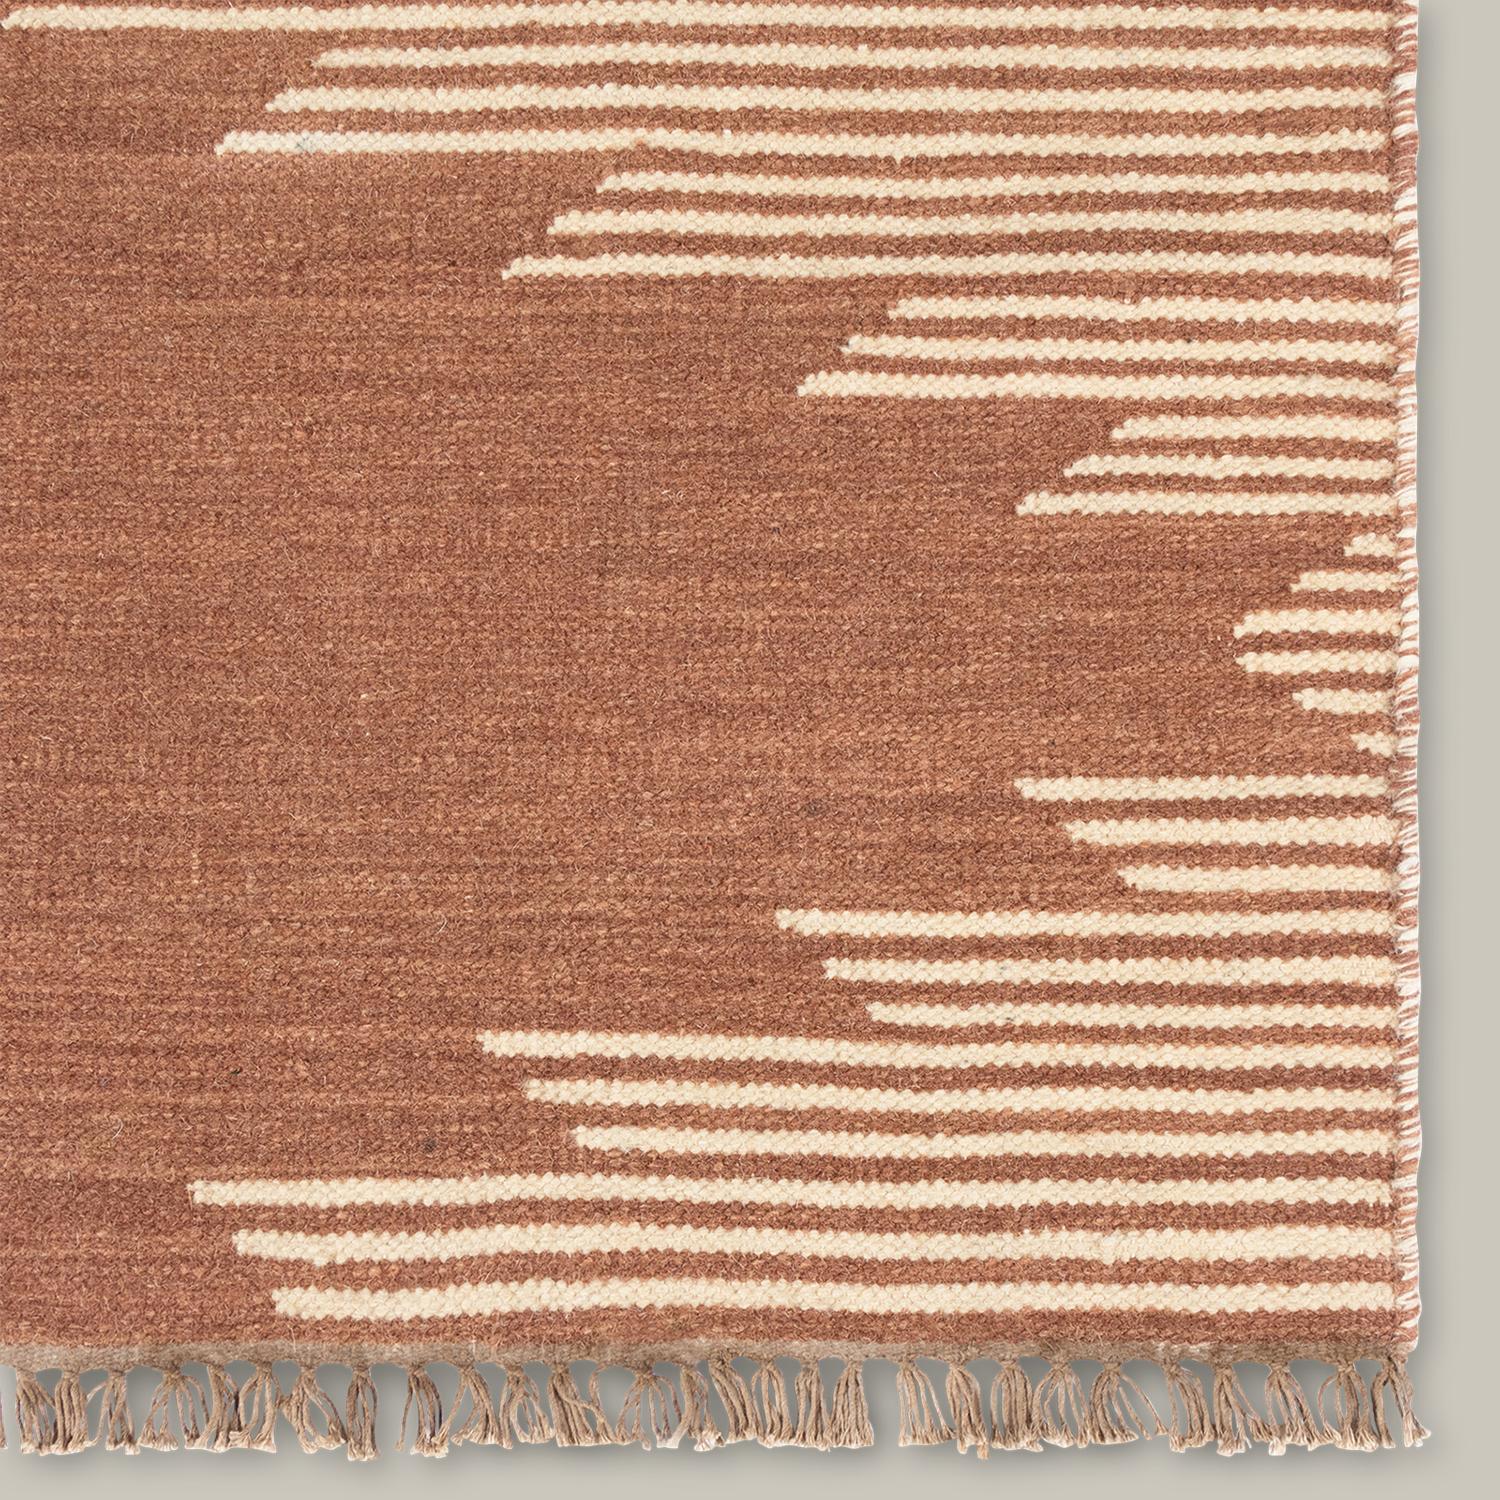 Hand-Woven “Metlili Missira” Bespoke, Handwoven Wool Rug (Terracotta) by Christiane Lemieux For Sale
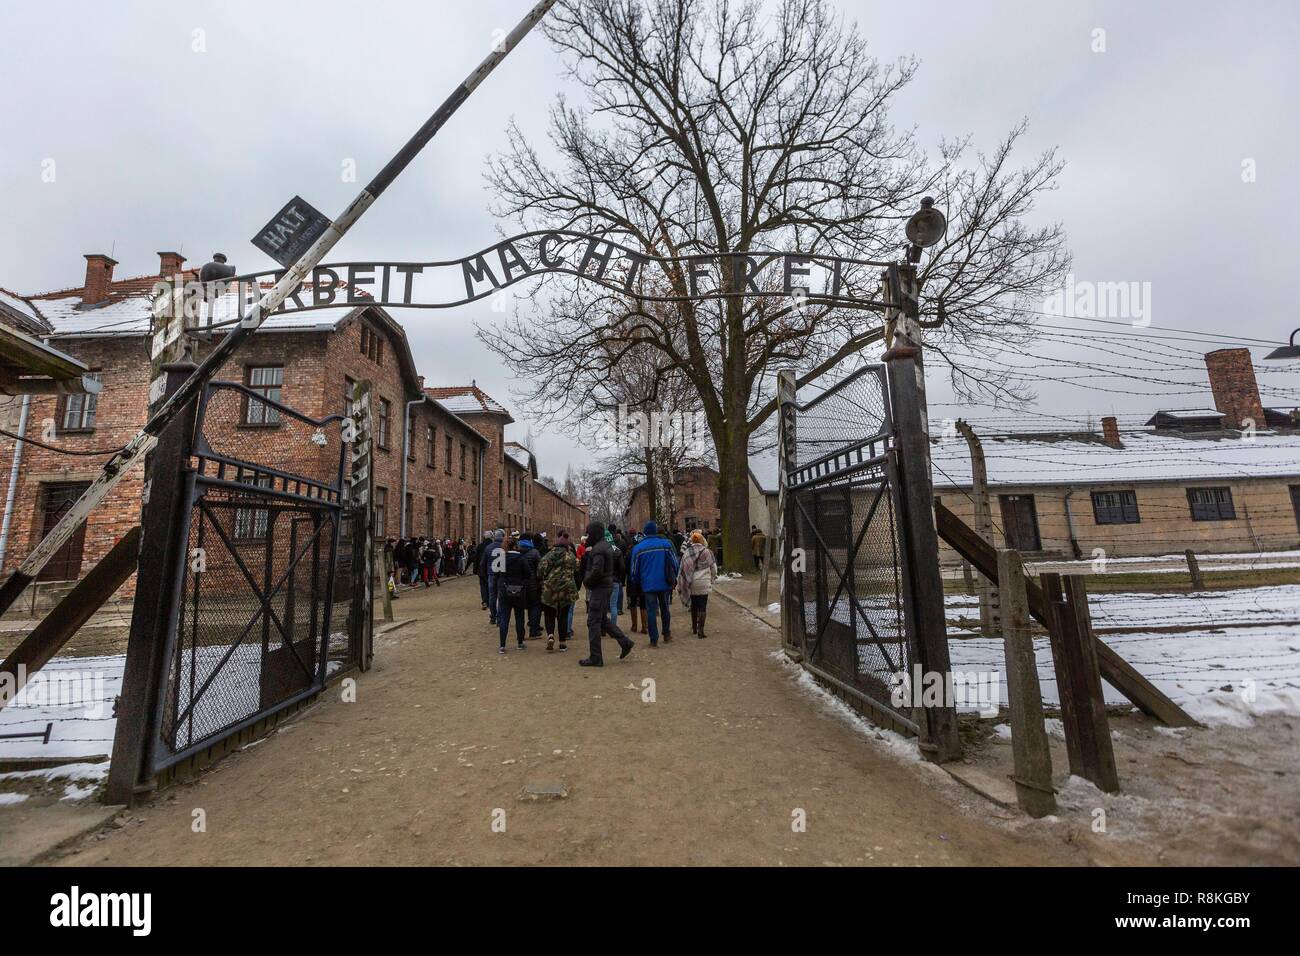 Poland, Auschwitz, Birkenau, Nazi German concentration and extermination camp (1940-1945), camp entrance with inscription Arbeit macht frei, work makes free Stock Photo
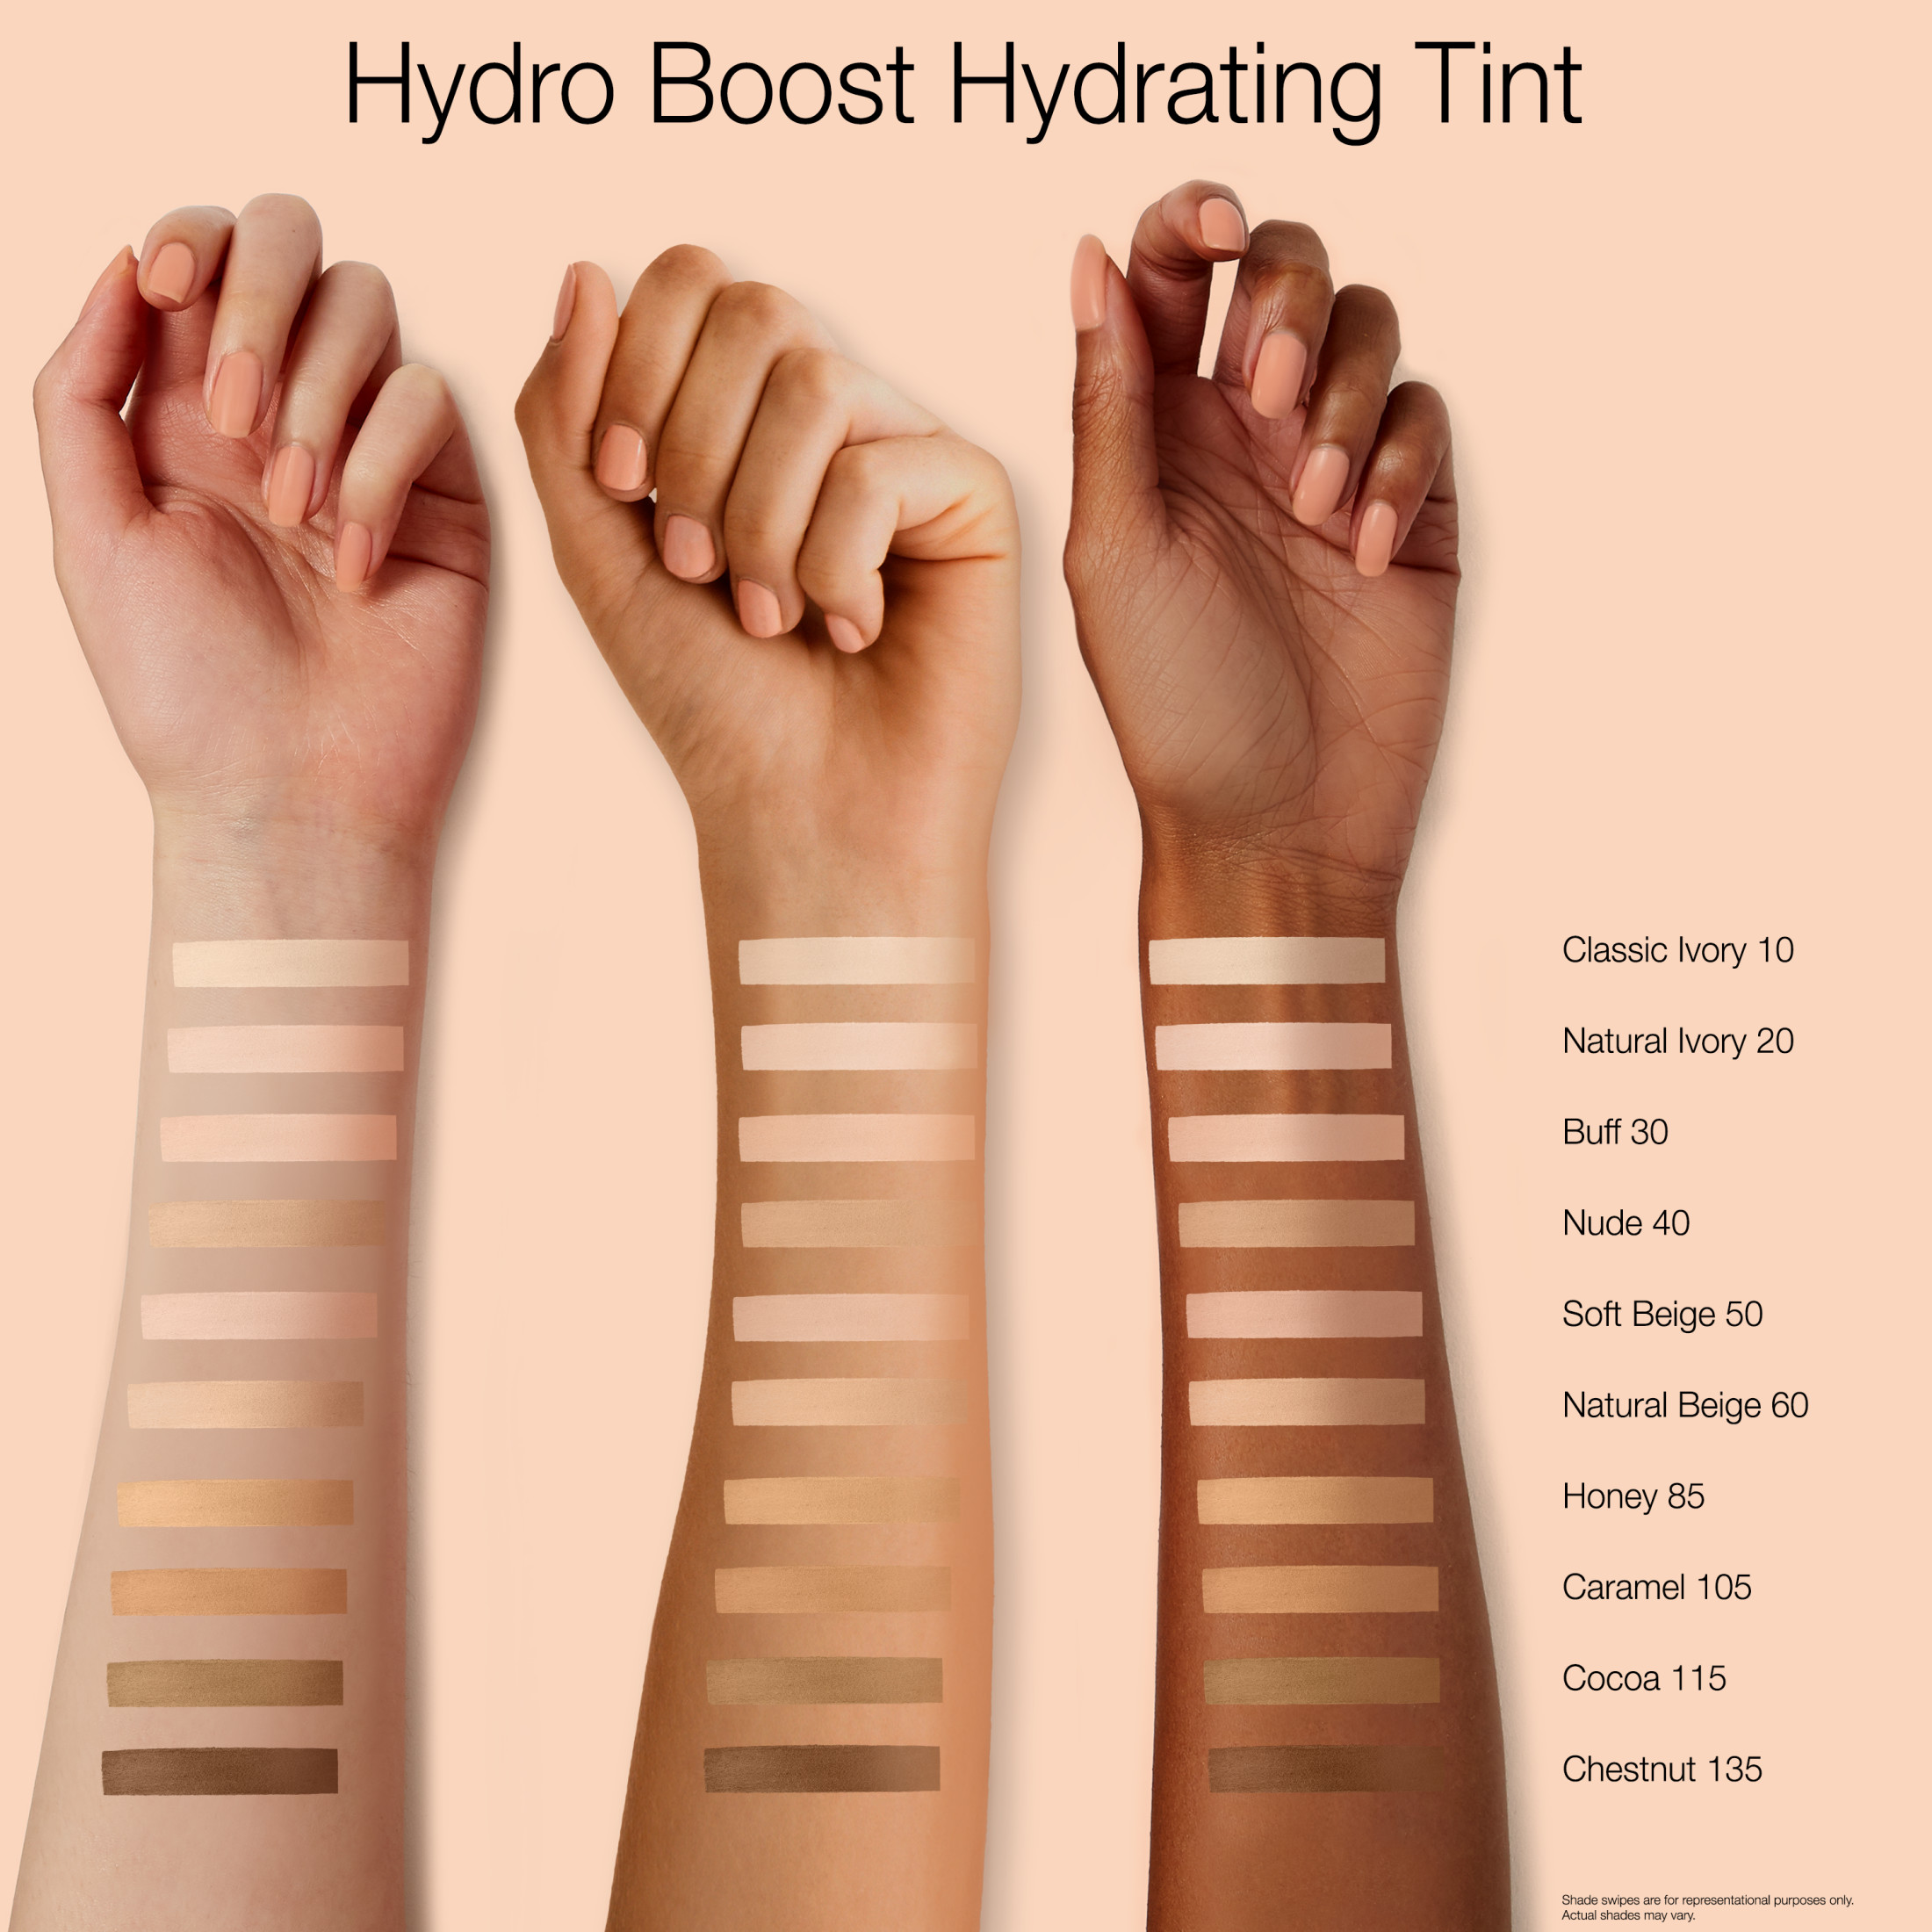 Neutrogena Hydro Boost Hydrating Tint, 115 Cocoa, 1.0 fl. oz - image 5 of 14
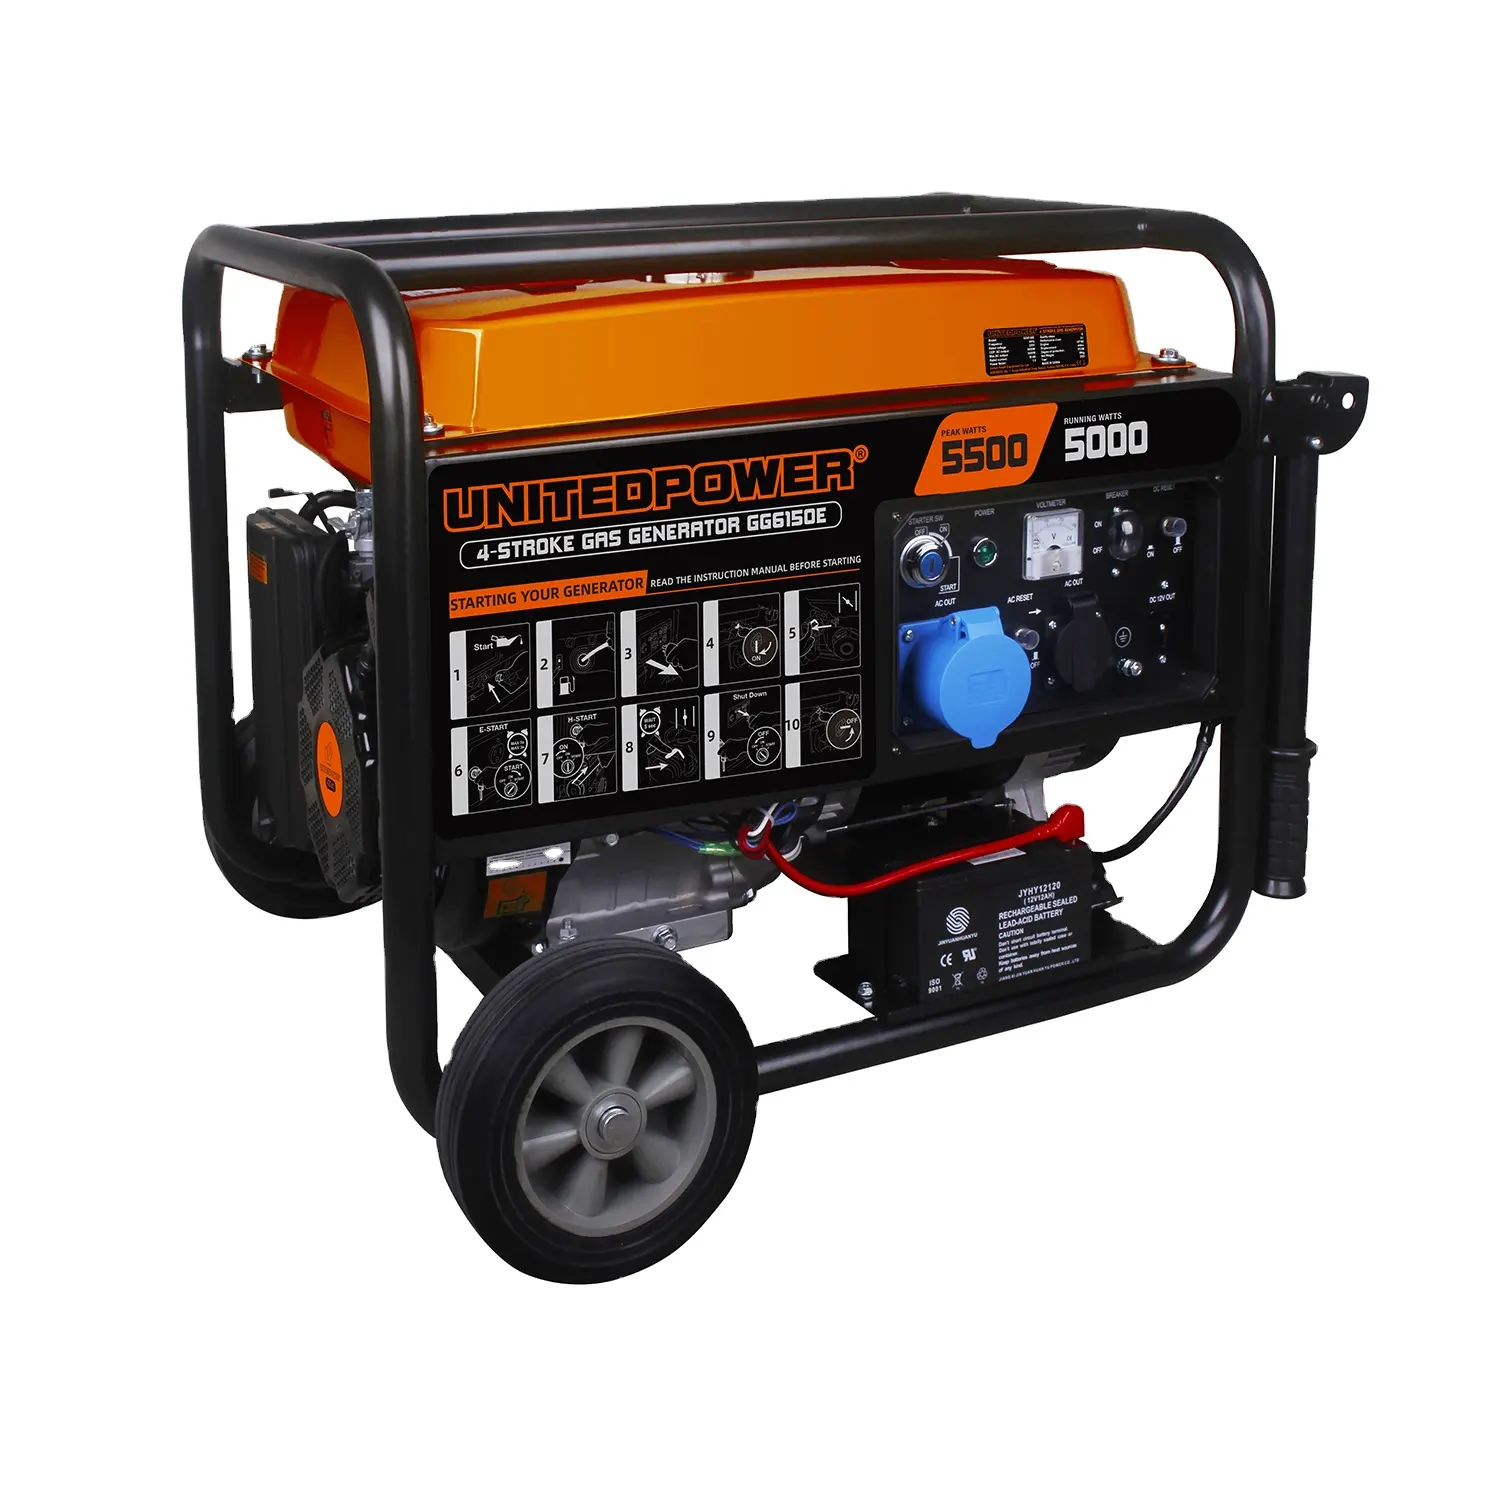 Generator Manufacturer 5kw 8kw 10kw 12kw Petrol Honda Engine Portable Electricity welding generator for house

━━━━━━━━━━━━━━━━━━━━

Action item:
Please repeat, exactly as written, only the lines from the line with "Poland, Auschwitz, Birkenau, Nazi" to the end of the data, leaving out every picture.

Exercise response:
 Poland, Auschwitz, Birkenau, Nazi German concentration and extermination camp (1940-1945), camp entrance with inscription Arbeit macht frei, work makes free Stock Photo
 Neutrogena Hydro Boost Hydrating Tint, 115 Cocoa, 1.0 fl. oz - image 5 of 14
 Generator Manufacturer 5kw 8kw 10kw 12kw Petrol Honda Engine Portable Electricity welding generator for house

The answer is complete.